La Constelación que regresa del Infierno - Capítulo 480
¡Clap clap clap clap clap!
Ante el guiño de Huntsman, sus subordinados empezaron a aplaudir de nuevo. Pero aun así, se dieron cuenta de lo que pasaba.
‘¿Está bien hacer esto?’
Por supuesto, los cazadores no les atacarían sin más, ya que no estaban en una jungla sin ley. Sin embargo, todavía tenían miedo de lo que estaba por venir.
Después de todo, si los cazadores actuaran de forma razonable y con sentido común, ¿por qué seguían apareciendo en las noticias titulares como «Los cazadores se amotinan en las calles con artefactos»?
De hecho, los cazadores presentes miraban a Huntsman con una mezcla de asombro y horror.
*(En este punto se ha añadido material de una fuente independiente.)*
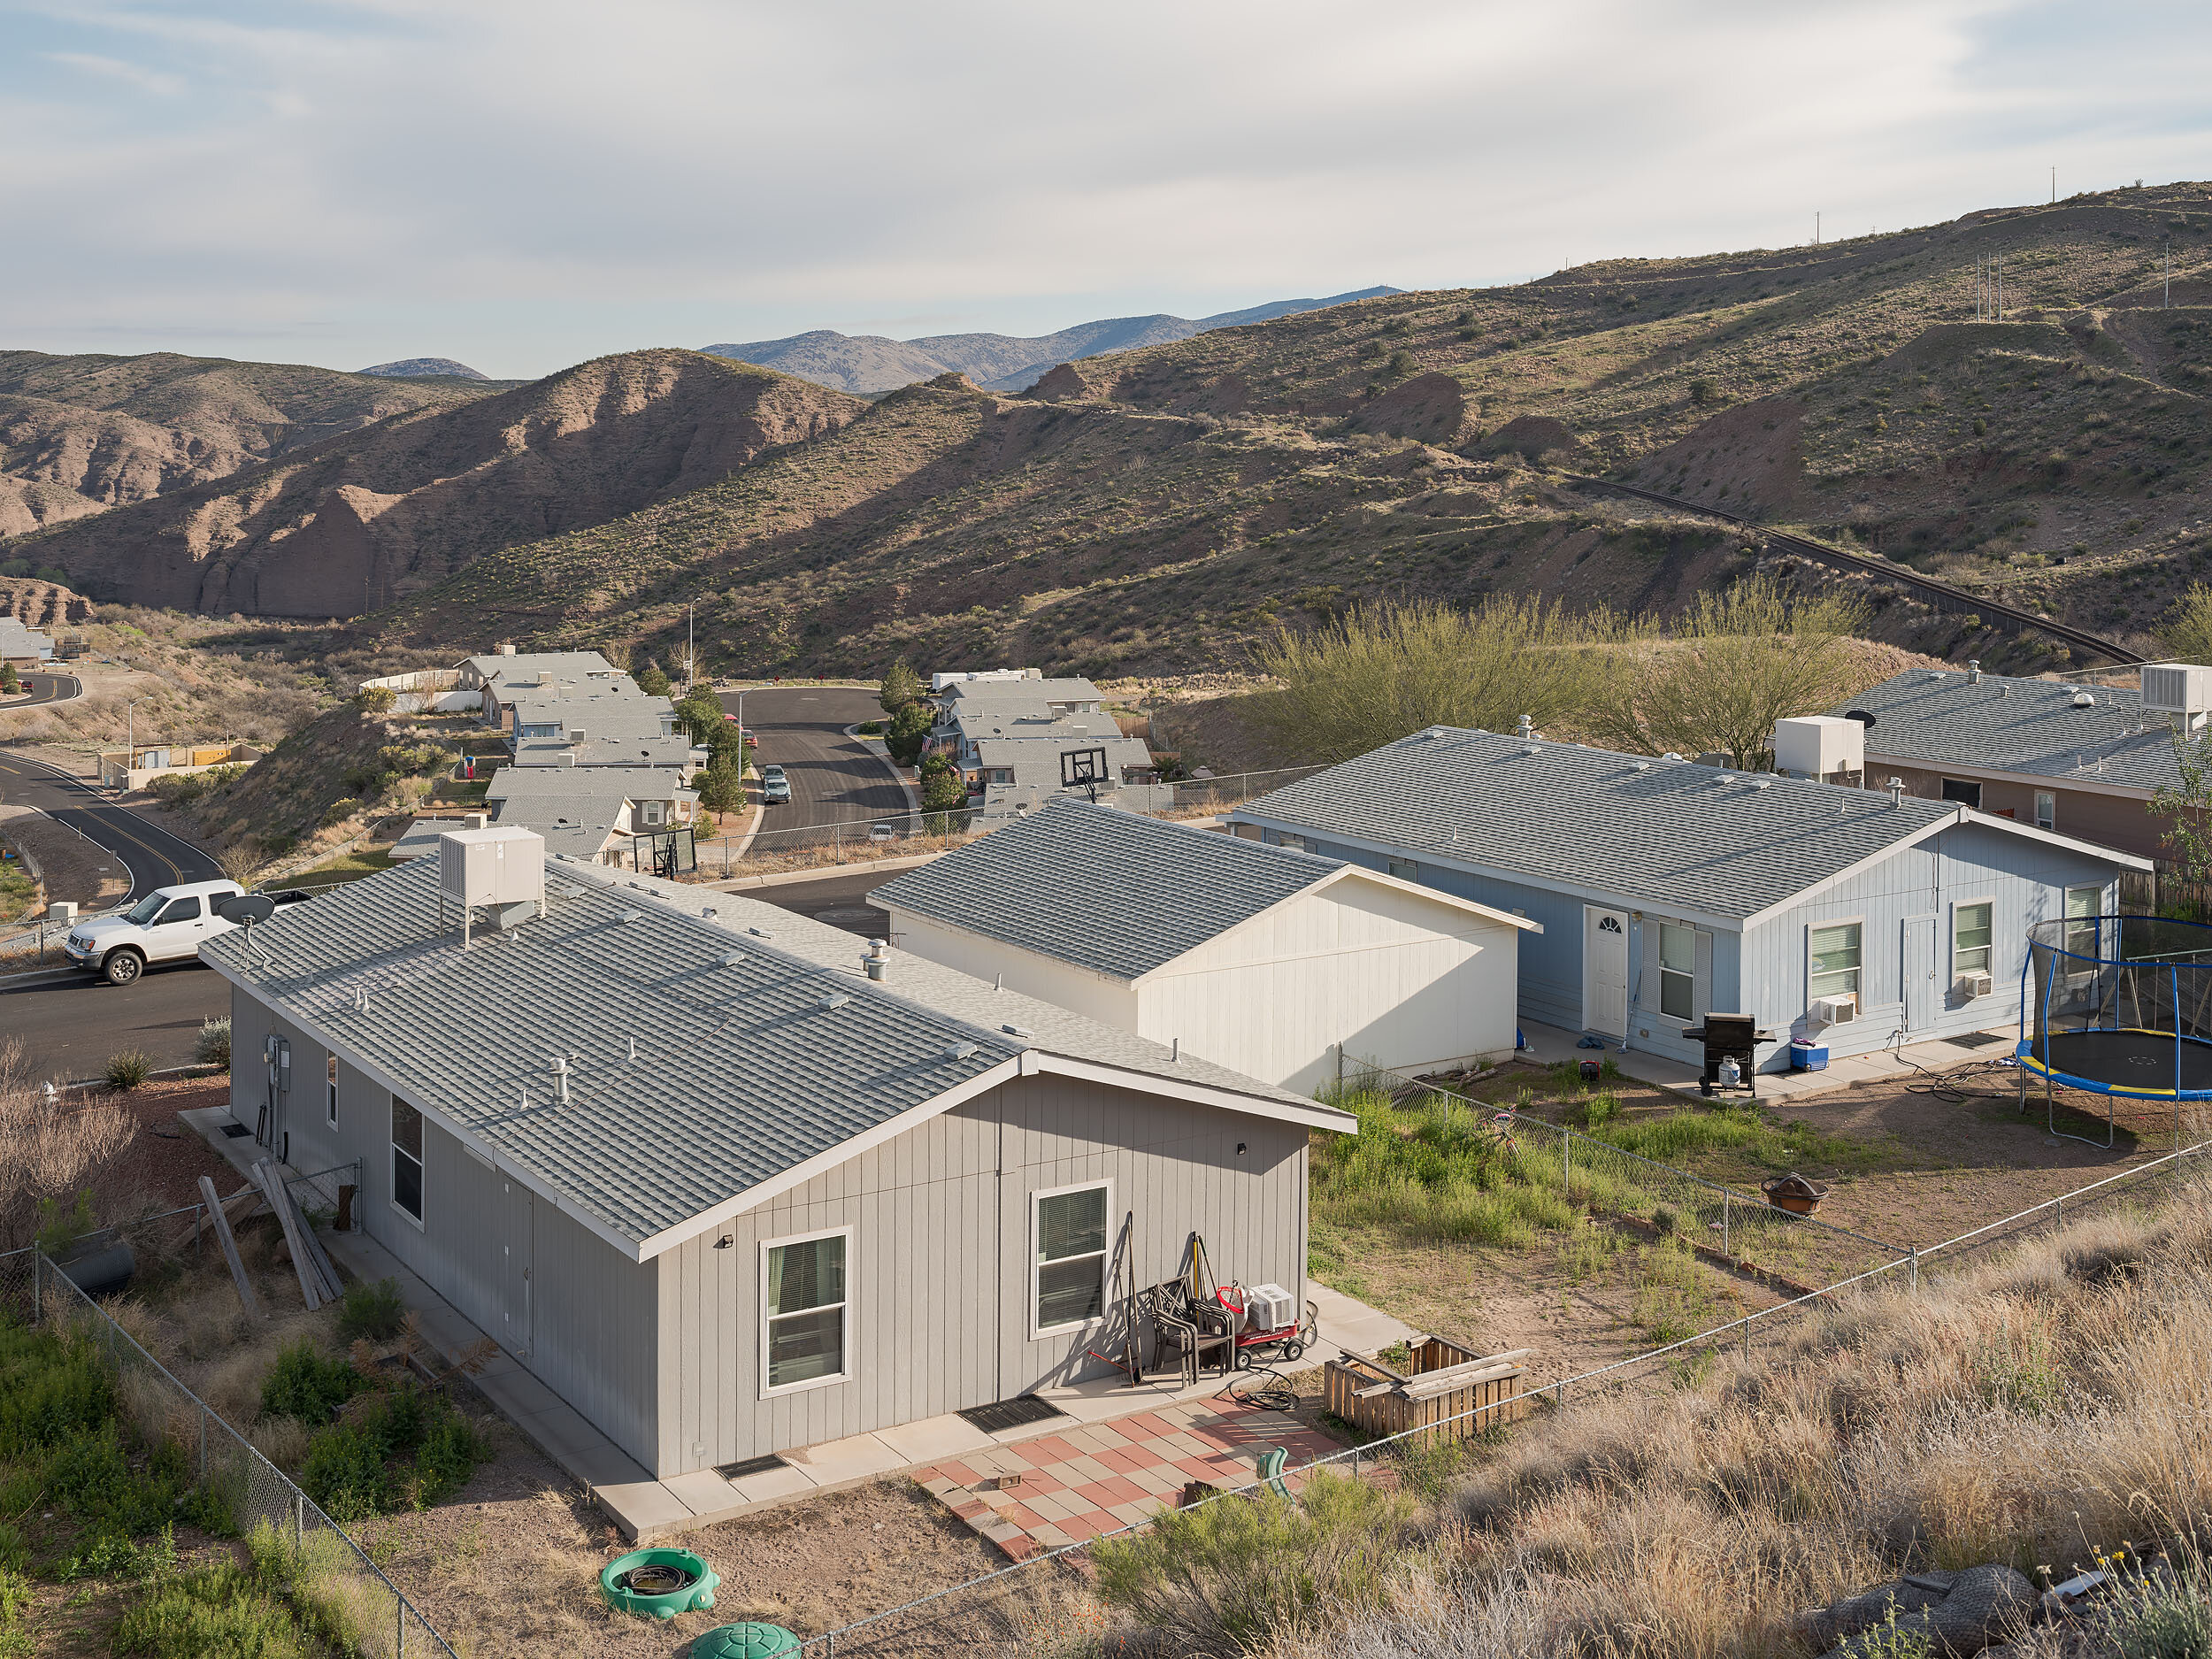  "Copper Verde" Freeport-McMoran Morenci Homes, built with modular construction. A resident suggested this type of fabrication suited a likely scenario where the neighborhood would be moved elsewhere, to allow mining in this location.

Acababa de entregar las recompensas de los monstruos, valoradas en al menos unos cientos de millones de dólares, a otra persona. Independientemente del tiempo que llevaran trabajando para Huntsman, no sería extraño que lo mataran.
‘¡Maldito lunático…!’
‘¿Acaba de entregar al monstruo?’
«Jefe, ¿vas a dejarle hacer esto?»
«Ah… Bueno…»
Los cazadores protestaron a sus líderes de clan, sus voces rebosantes de intención asesina, pero en realidad no había nada que los líderes pudieran hacer en esta situación.
¡Huntsman era un loco agarrado a sus correas!
Aunque era un civil indefenso cuando los monstruos causaban estragos, volvería a ser un político importante con un enorme poder cuando terminara la incursión.
Si se paseaba con sus fanáticos seguidores y decía: «Todo el mundo, los bastardos de este clan están arruinando nuestro país», entonces no importaba lo fuerte que fuera el clan. Serían atacados desde todas las direcciones.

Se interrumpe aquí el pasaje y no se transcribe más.